SUPPLIED RECORDS

-*-*-

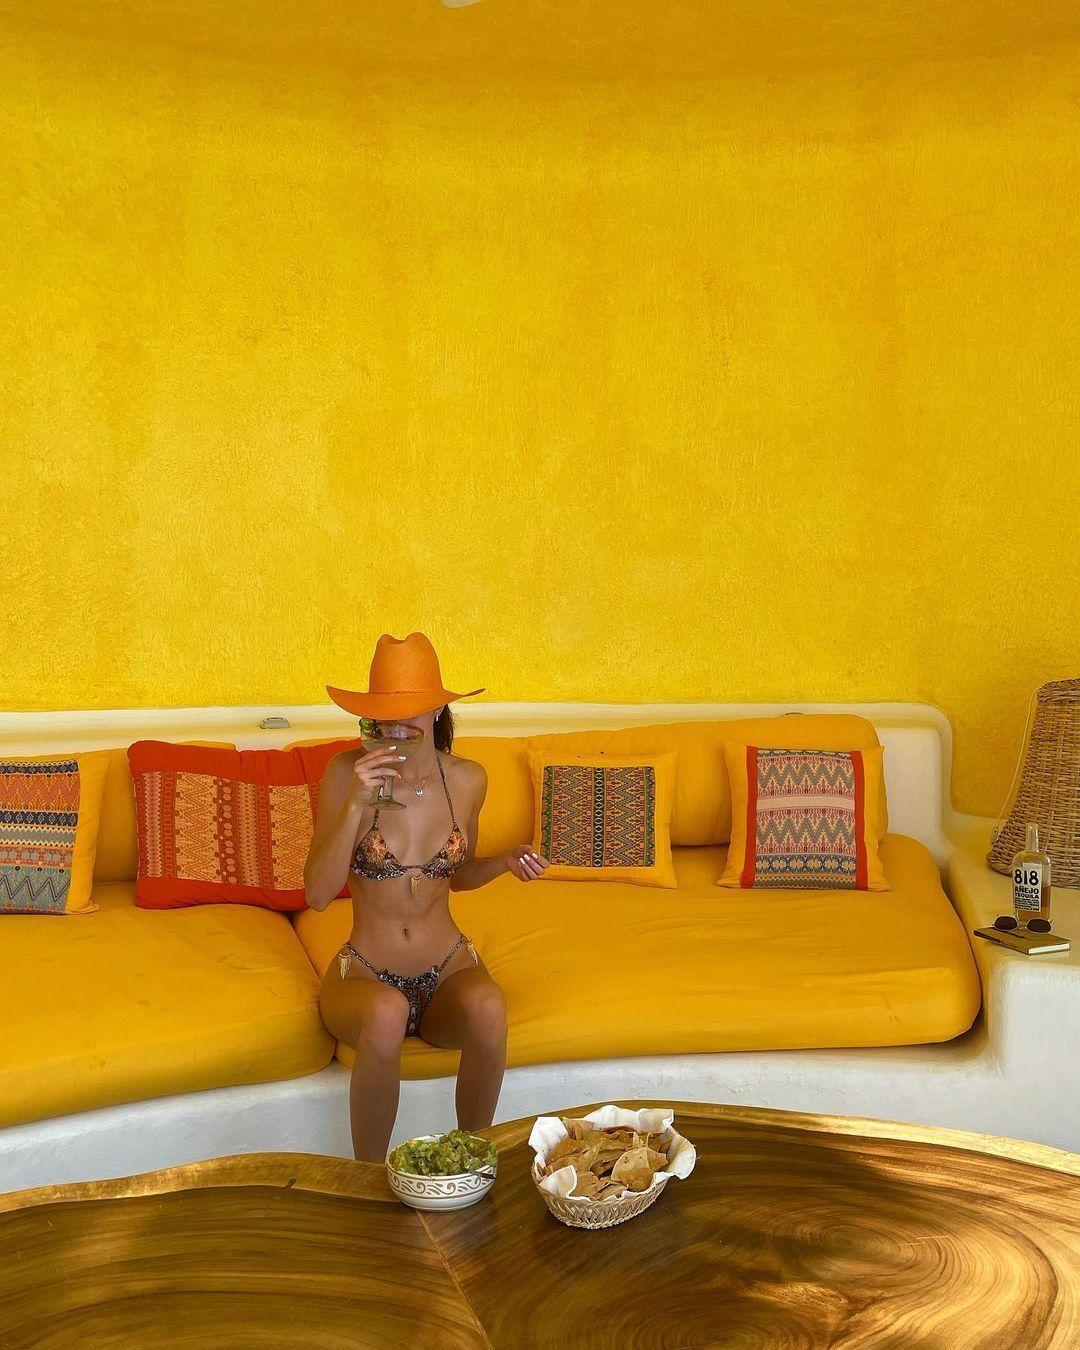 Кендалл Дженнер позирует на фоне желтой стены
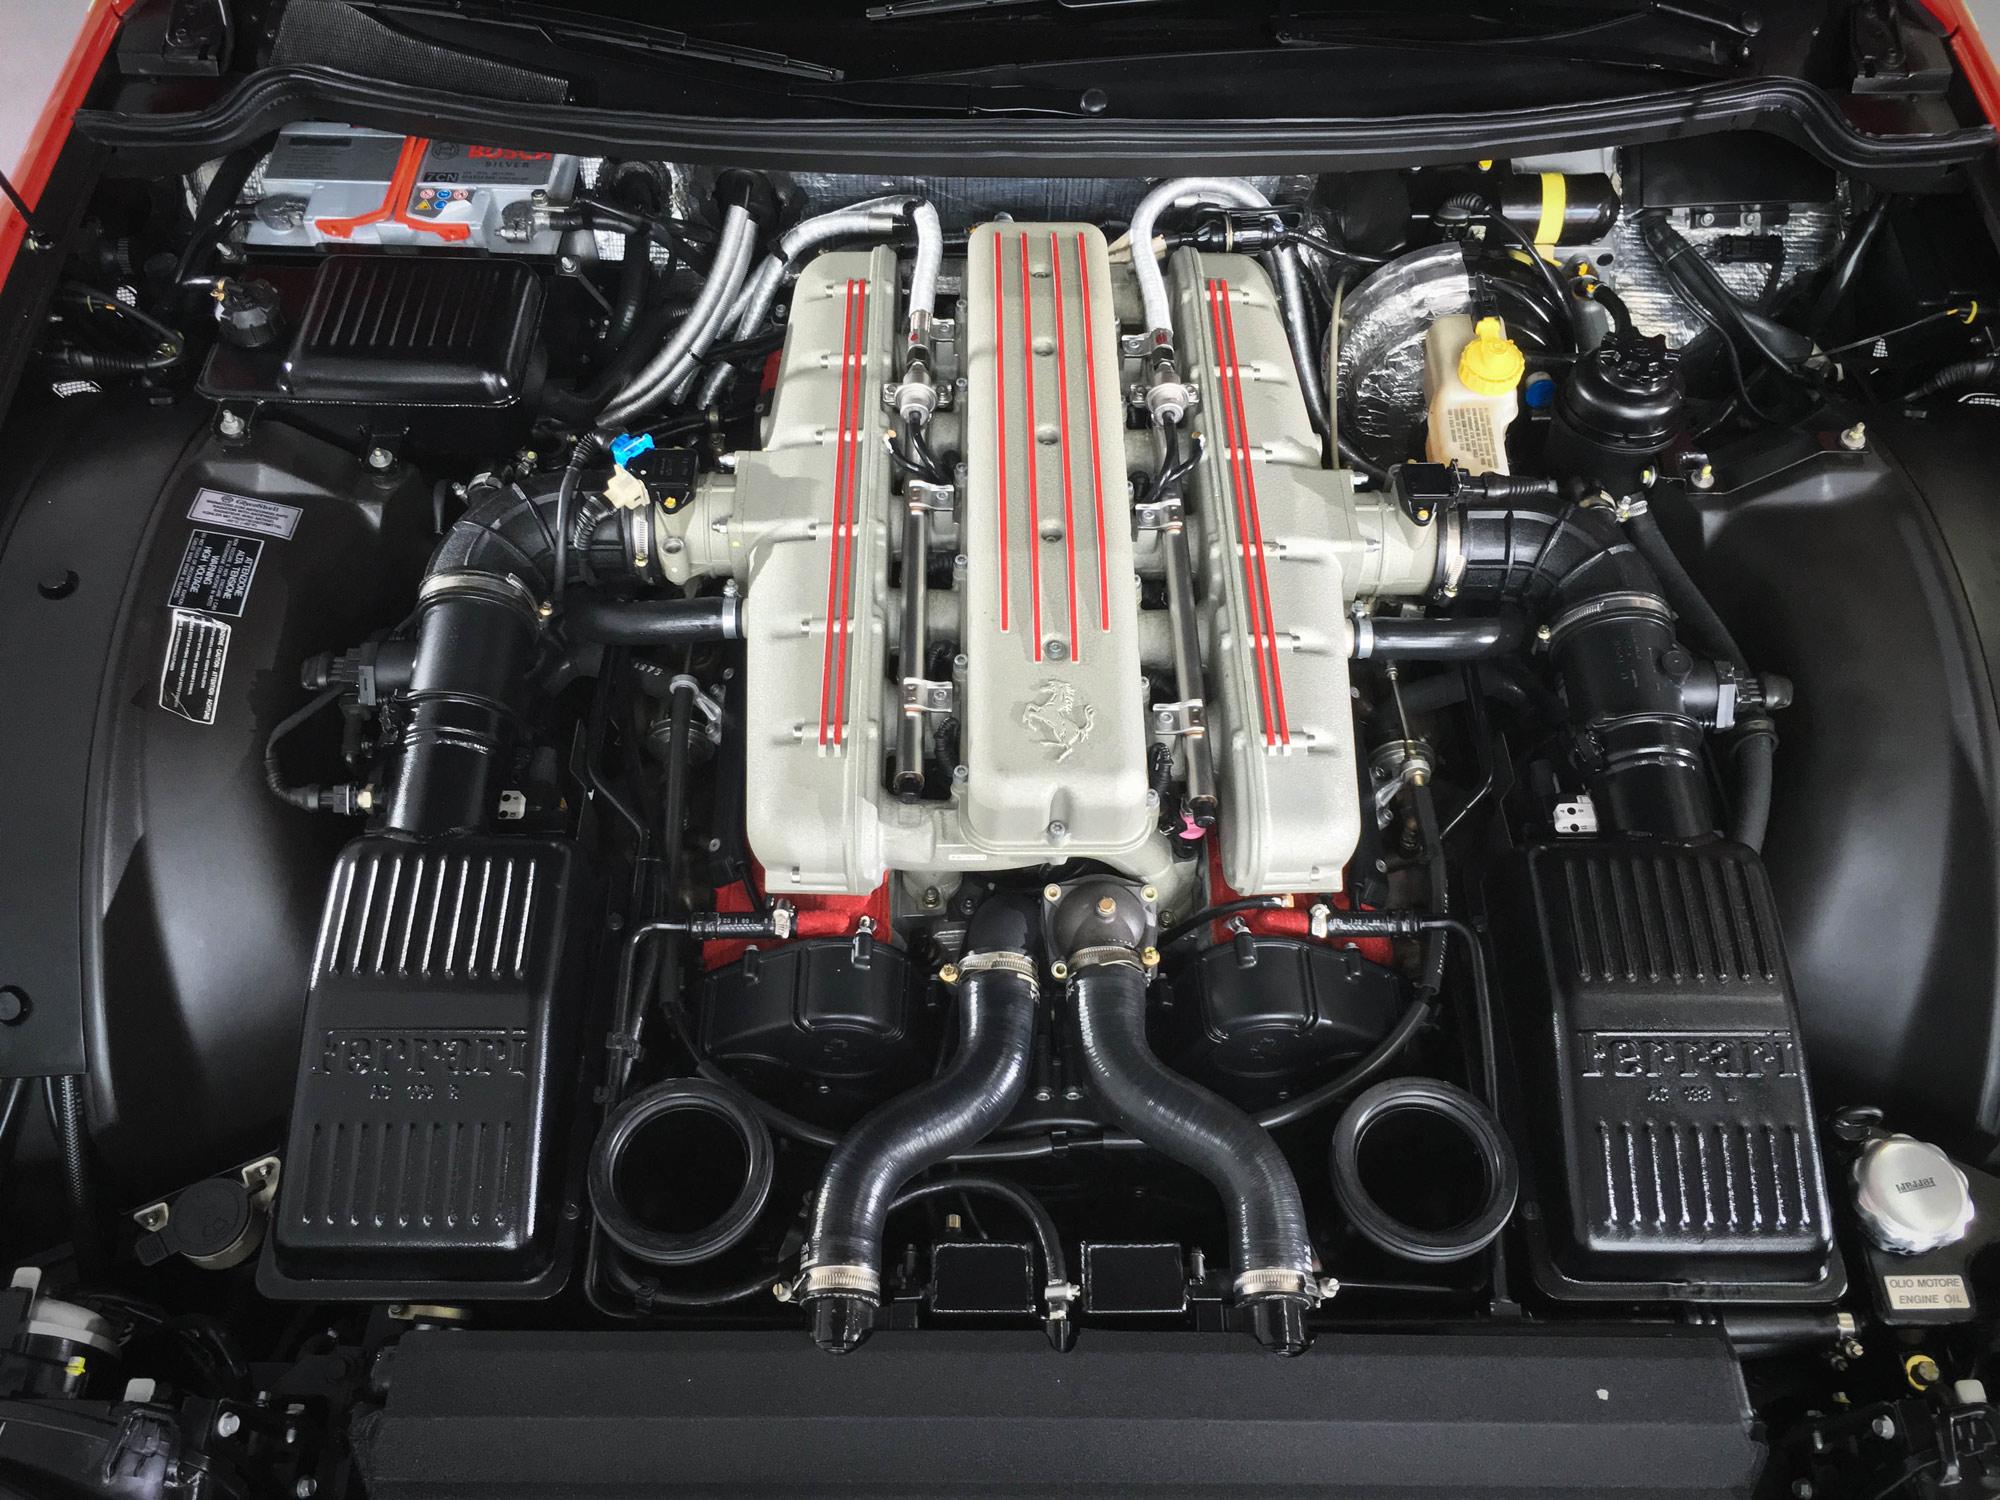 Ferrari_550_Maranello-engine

-*-*-

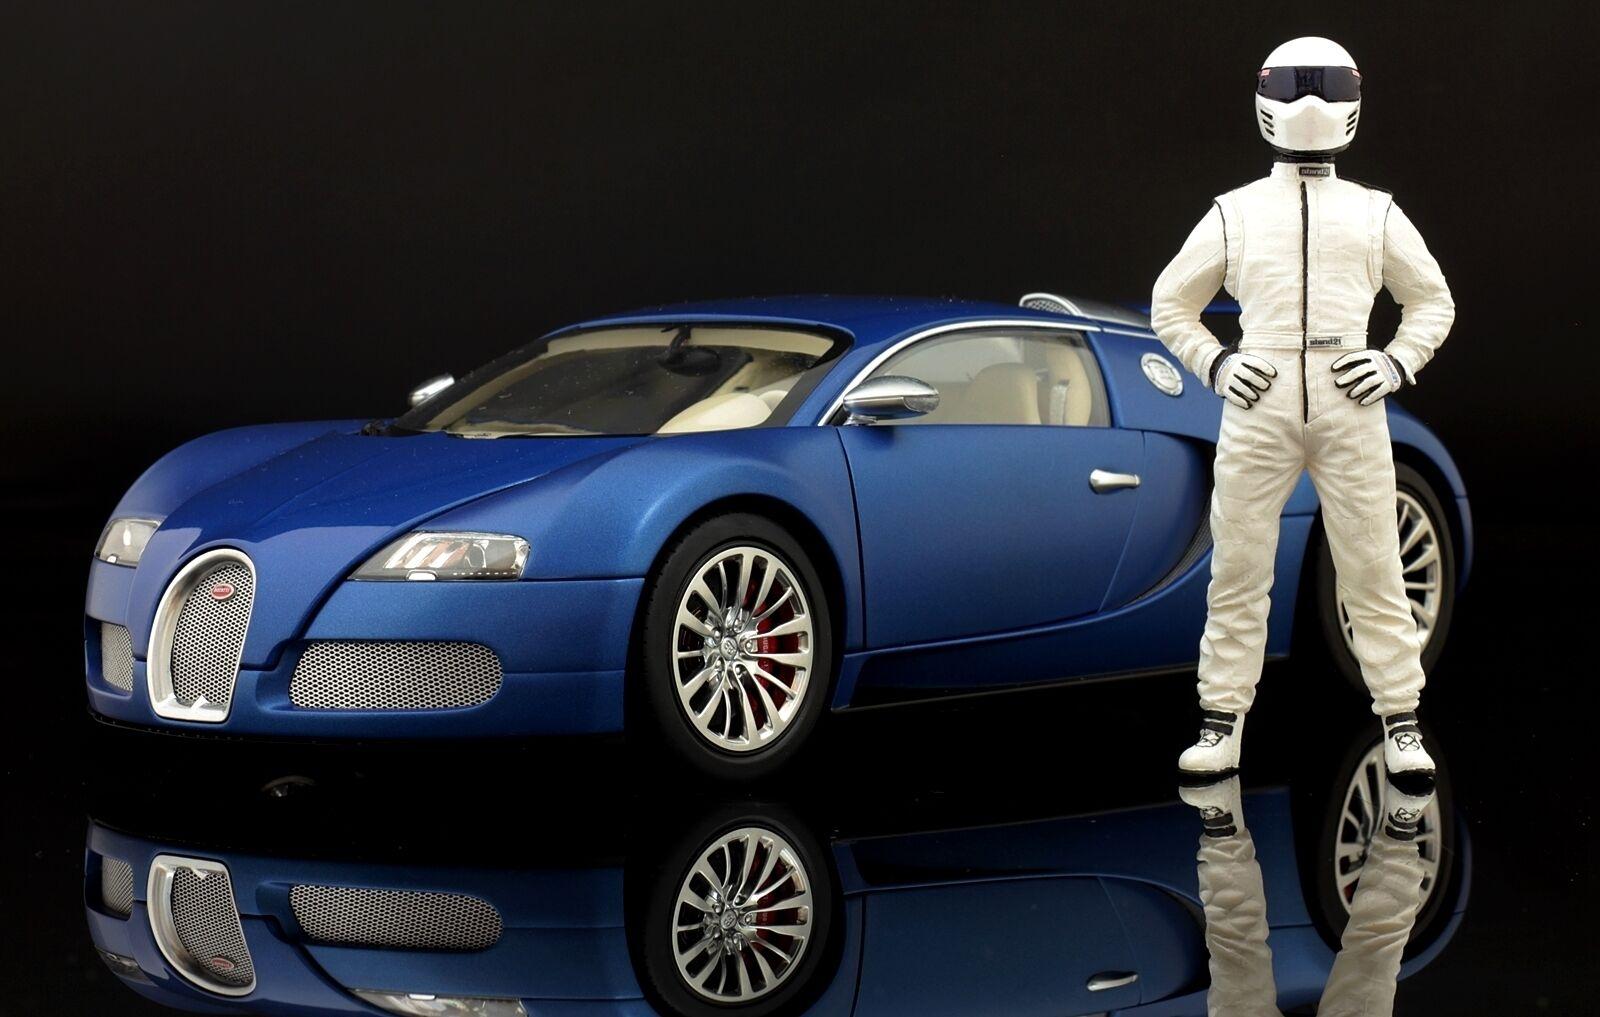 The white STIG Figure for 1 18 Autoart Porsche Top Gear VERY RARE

-*-*-

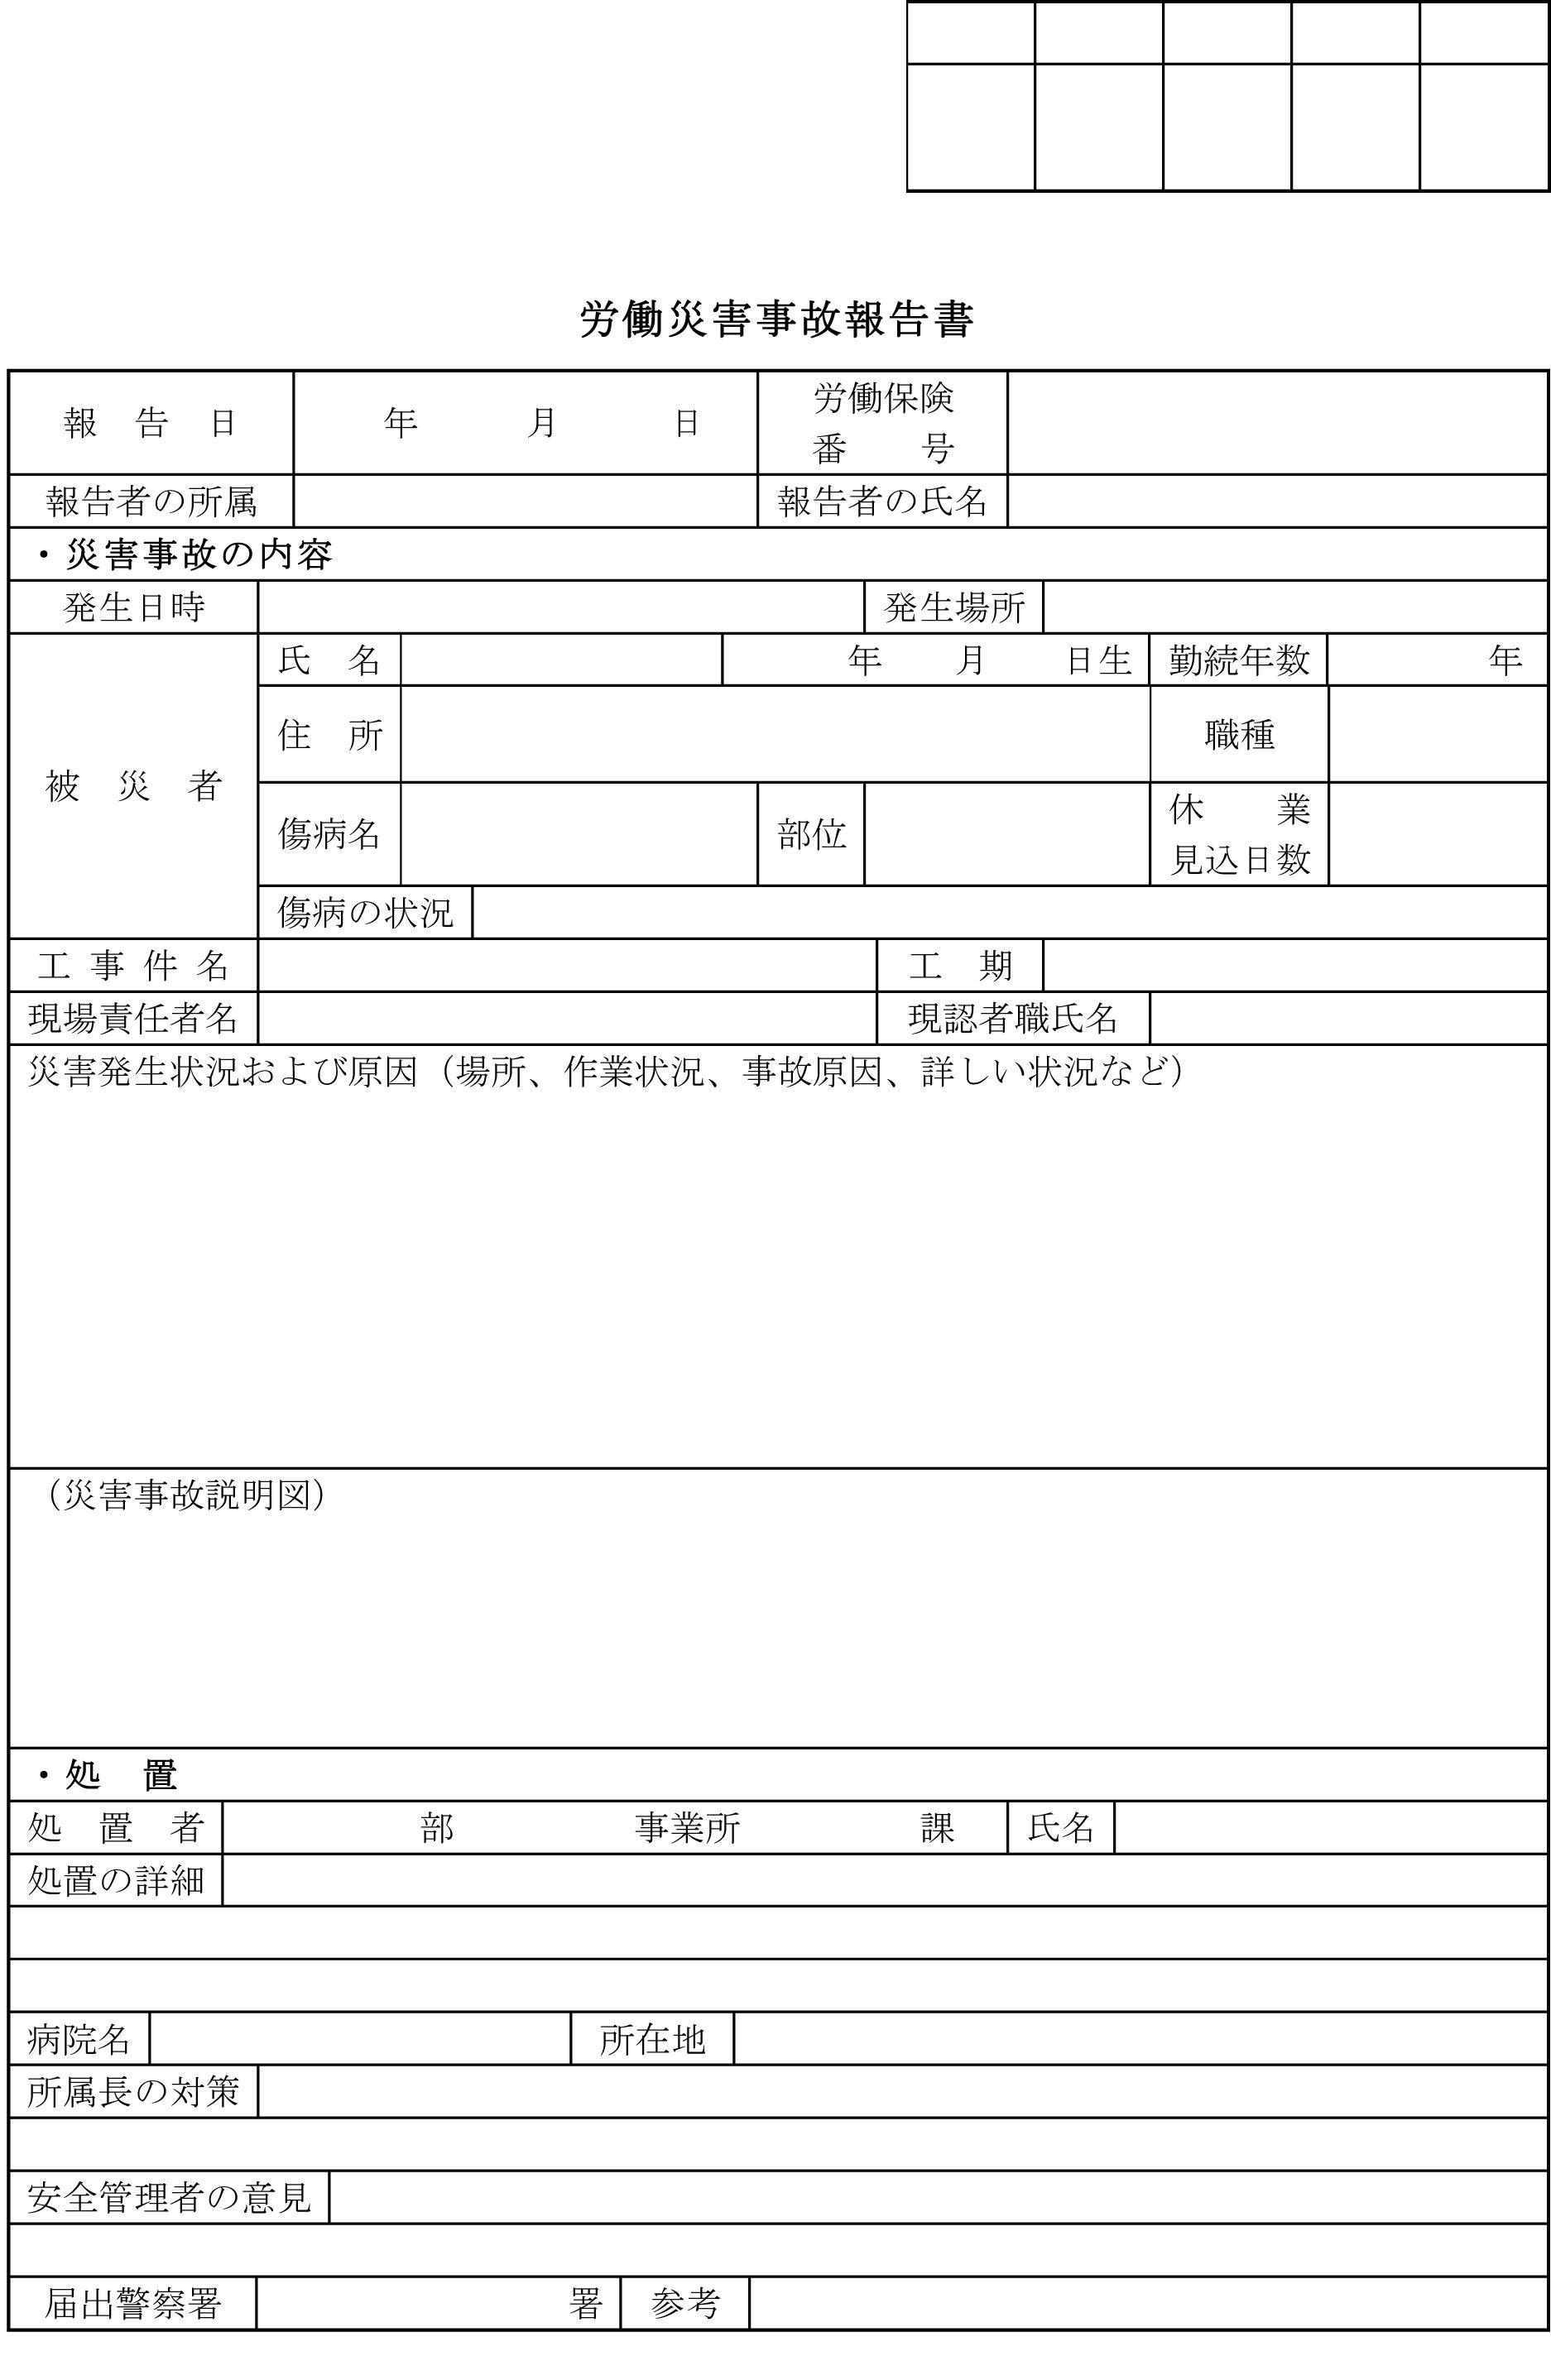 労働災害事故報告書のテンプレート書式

-*-*-

WORK TO COMPLETE
Only one stretch of the data is wanted: write out exactly the lines from the one holding "Кендалл Дженнер позирует" through the one holding "Ferrari_550_Maranello-engine", both included, without the pictures.

REPLY TO THE EXERCISE
 Кендалл Дженнер позирует на фоне желтой стены
 Ferrari_550_Maranello-engine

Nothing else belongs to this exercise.